Ahí donde el Estado se ausenta, aparece la sombra: el narco, el prestamista, el que tiene poder en la oscuridad.

Y la trampa se cierra: menos trabajo, más necesidad; más necesidad, más deuda; más deuda, más sometimiento.

Y así, lo que se rompe no es solo el ingreso: se aflojan los lazos, se debilita la comunidad.

Por eso no alcanza con indignarse. Hay que encender la esperanza, pero no una esperanza vacía, sino basada en propuestas claras. El peronismo en vez de mostrar las miserias internas debe expresar una batería de ideas que broten del irregular e infalible suelo de nuestra Patria. En materia laboral, hay que poner en marcha dos motores al mismo tiempo. Que convivan, que confluyan, que se potencien. 

El primero, el de la creación y ampliación del trabajo formal.

Con políticas públicas activas, con un Estado que invierta, planifique y acompañe.

Que apueste por las pymes, que defienda la industria nacional, que priorice la obra pública y comunitaria, que conecte educación con empleo real.

En este contexto especulativo, el peronismo debe defender al trabajador con la misma firmeza con la que cuida al empresario que invierte y produce.

Pero también hay que encender el motor de la economía popular.

Porque eso que muchos llaman “informalidad” no es vacío: es pueblo trabajando.

Es comunidad inventando formas de sostenerse cuando el sistema no alcanza.

Ahí también hay que estar. Reconociendo, fortaleciendo, acompañando.

Con acceso al crédito productivo, con capacitación, con herramientas.

No para imponer desde arriba, sino para construir desde donde siempre se construyó lo real: el barrio, la red, la calle.

Porque el trabajo que ya existe, aunque no tenga recibo de sueldo, es trabajo. Y merece derechos.

El Estado tiene que ver ese esfuerzo, potenciarlo, garantizar que sea digno.

Y el peronismo debe volver a enamorar desde ahí: desde el pan ganado con esfuerzo, desde la solidaridad, desde la producción y no la especulación.

Volver a gravitar sobre lo real. Sobre el trabajo, la comunidad, la producción.

Salir de la planilla de Excel y volver a mirar a los ojos.

Porque no hay patria que se realice sin trabajo. No hay comunidad que se sostenga con hambre. No hay libertad si la mitad del pueblo vive atada a la miseria. No hay prosperidad sin esperanza. 

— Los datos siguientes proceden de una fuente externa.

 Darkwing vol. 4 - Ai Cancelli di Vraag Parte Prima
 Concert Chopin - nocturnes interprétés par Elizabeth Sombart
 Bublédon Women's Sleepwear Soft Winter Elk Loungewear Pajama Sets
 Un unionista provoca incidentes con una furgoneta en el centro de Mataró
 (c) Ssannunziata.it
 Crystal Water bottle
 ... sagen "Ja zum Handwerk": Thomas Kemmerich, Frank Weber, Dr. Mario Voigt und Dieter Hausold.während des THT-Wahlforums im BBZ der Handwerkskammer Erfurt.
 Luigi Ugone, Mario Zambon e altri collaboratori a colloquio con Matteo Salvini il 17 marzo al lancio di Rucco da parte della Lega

Sumergidos en las aguas de la semana santa, y si algo nos enseña, es precisamente que la última cena no fue en un palacio, sino en una mesa compartida entre compañeros que sabían que se venía la noche.

Que aún en la traición, en la entrega, en el miedo… el pan se parte y se comparte.

Que después del silencio más oscuro, si hay pueblo, si hay amor, si hay comunidad, siempre hay resurrección.

No solo como milagro celestial, sino como esfuerzo y construcción con rostro de hombres y mujeres.

Como proyecto. Como abrazo. Como bandera.